Idea about creating Spacial perception of surrounding objects using stereo sound

Akshay_1994 · January 9, 2020, 3:13pm

Hello everyone, I am new to programming. I have learnt the concepts of machine learning and deep learning. I am trying to figure out how to implement an idea that can help blind people. The idea is to create spacial perception using different intensities of sound. For example, Let us say the device is like audio sunglasses shown below instead of glasses we put cameras.

Screenshot%20from%202020-01-09%2020-21-33

We process the data and perform object detection. now in each frame we can get the centroid of the object “chair” for example, is on the left of the frame. now if we could generate speech saying “chair” but delivering it with different intensities in both ears. Loudly in left ear and softly in the right ear, of course calculated.Couldn’t we deliver perception that the chair is on the left? This is just an example to explain the idea. The core concept stretches further with the final goal to paint the world with different sounds, not confined to speeches. I am trying to make an open source platform for the development of this device but I have just started and I have lots of questions to ask. Like creating and managing open source discussions, repositories etc. these are all new to me. So looking for guidance and support.

Thank you

VDM · January 9, 2020, 3:41pm

It is a good idea, which falls within the field called “sonification”. You may search for it to find other examples, techniques, etc.

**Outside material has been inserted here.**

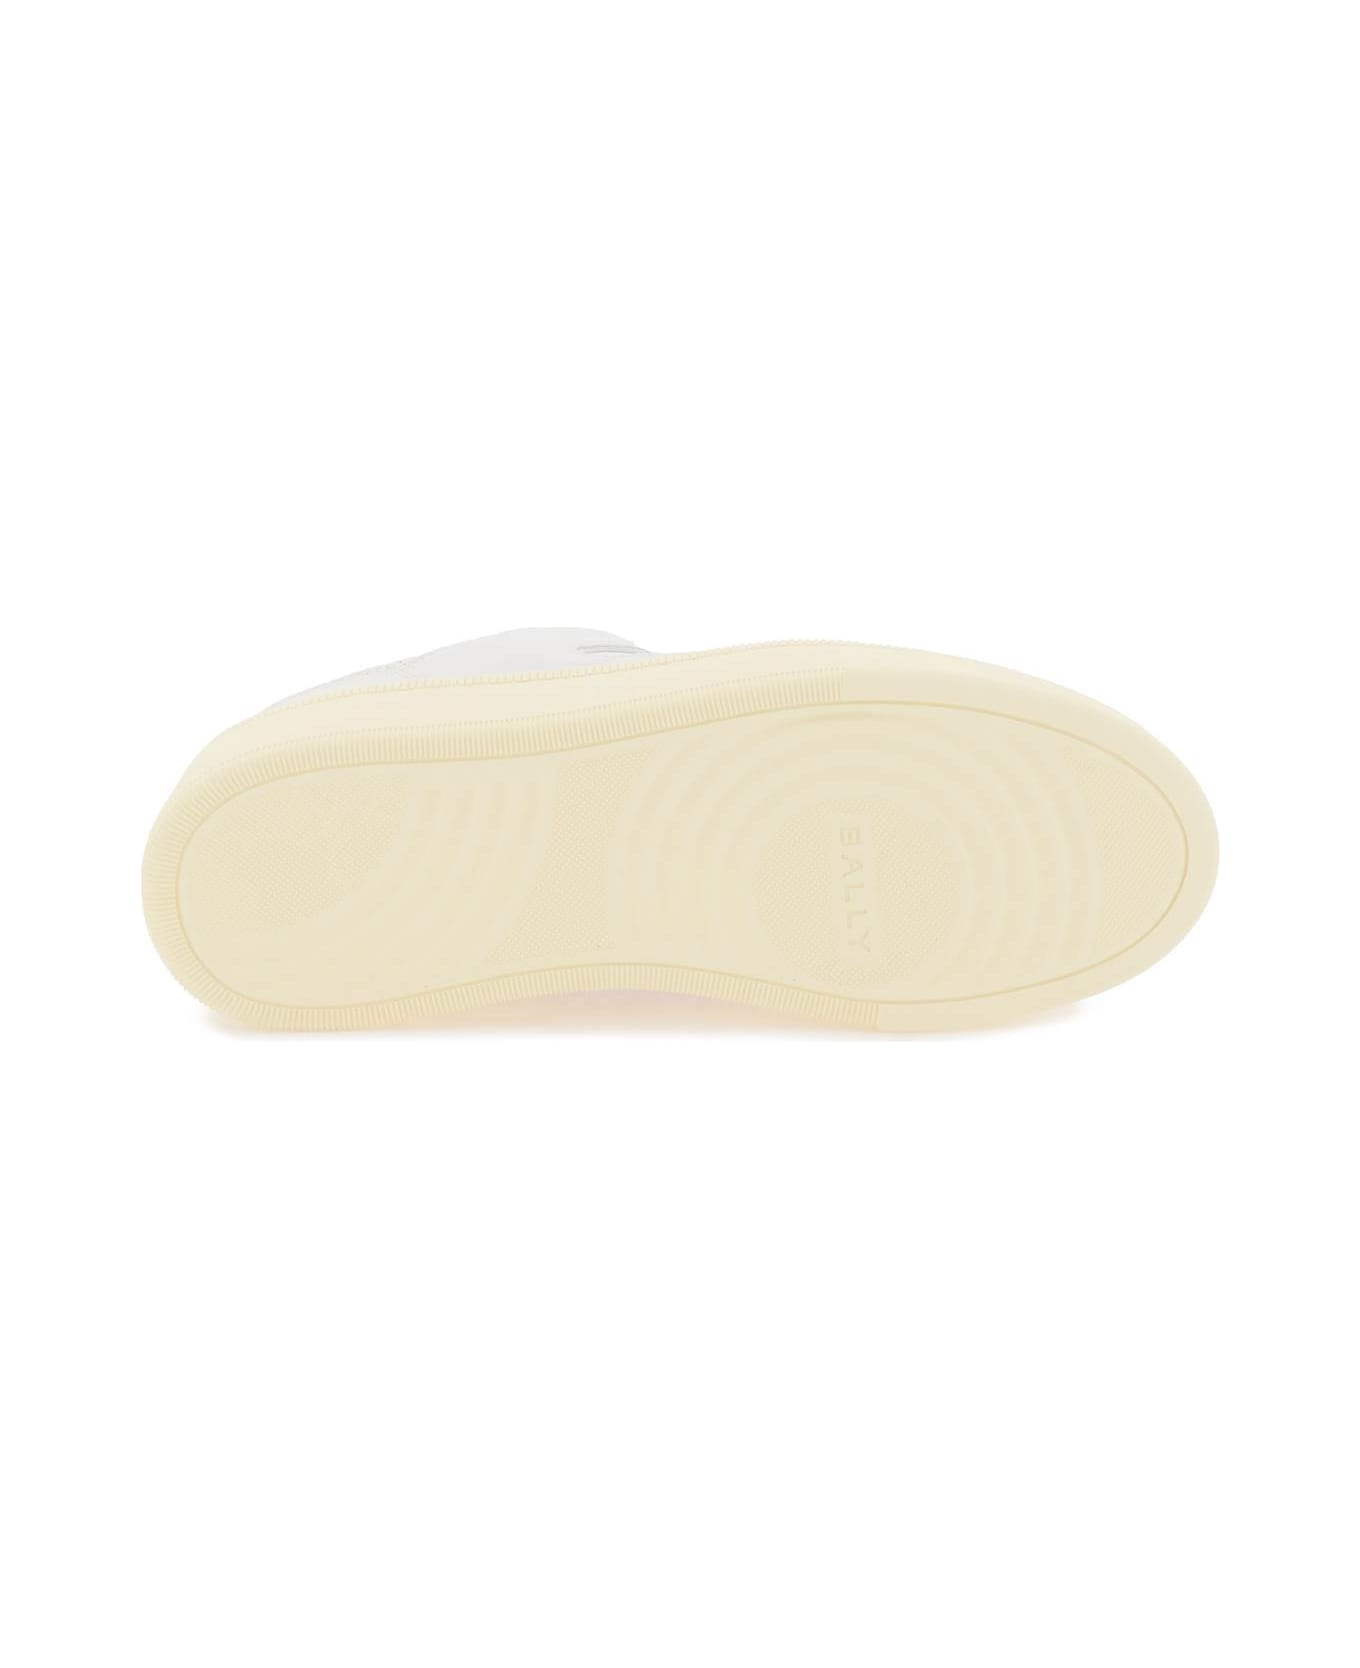 Bally Leather Riweira Sneakers - WHITE ROSA (White)

EDIT: by the way, if you just consider the object detection part (which is relevant for fastai), there is a Microsoft app, Seeing AI, that describes surrounding objects including face expressions. However, as far as I remember, there is no exploitation of stereo effects to help localization.

Akshay_1994 · January 9, 2020, 4:18pm

Thank you sir, I will go through that.
The core concern behind the idea was, If we generate captions and continuously comment about the surroundings maybe it still lacks in translation of vision to perception, I mean maybe not a true replacement for eyes. Simply put can dogs use this solution? even though this is a blunt argument and i understand the issues behind it. What I am trying to convey is I believe stereo sound for localization can provide advancement in solving the problem of overcoming blindness with technology further.

VDM · January 9, 2020, 4:38pm

What I implicitly meant is that if you look at relevant works in the field, maybe you may find that part of what you have in mind has been already proposed by someone… e.g., with a very quick search: https://link.springer.com/article/10.1007/s12193-018-0281-3 (“The sonification scheme is using stereo panning for azimuth angle localization of scene objects, loudness for their size and frequency for distance encoding…”)

digitalspecialists · January 9, 2020, 11:26pm

You may be interested in VizWiz
https://vizwiz.org/

jcatanza · January 11, 2020, 3:55am

Wonderful idea, @akshay_1994

Akshay_1994 · January 12, 2020, 1:28pm

This is cool, thanks @digitalspecialists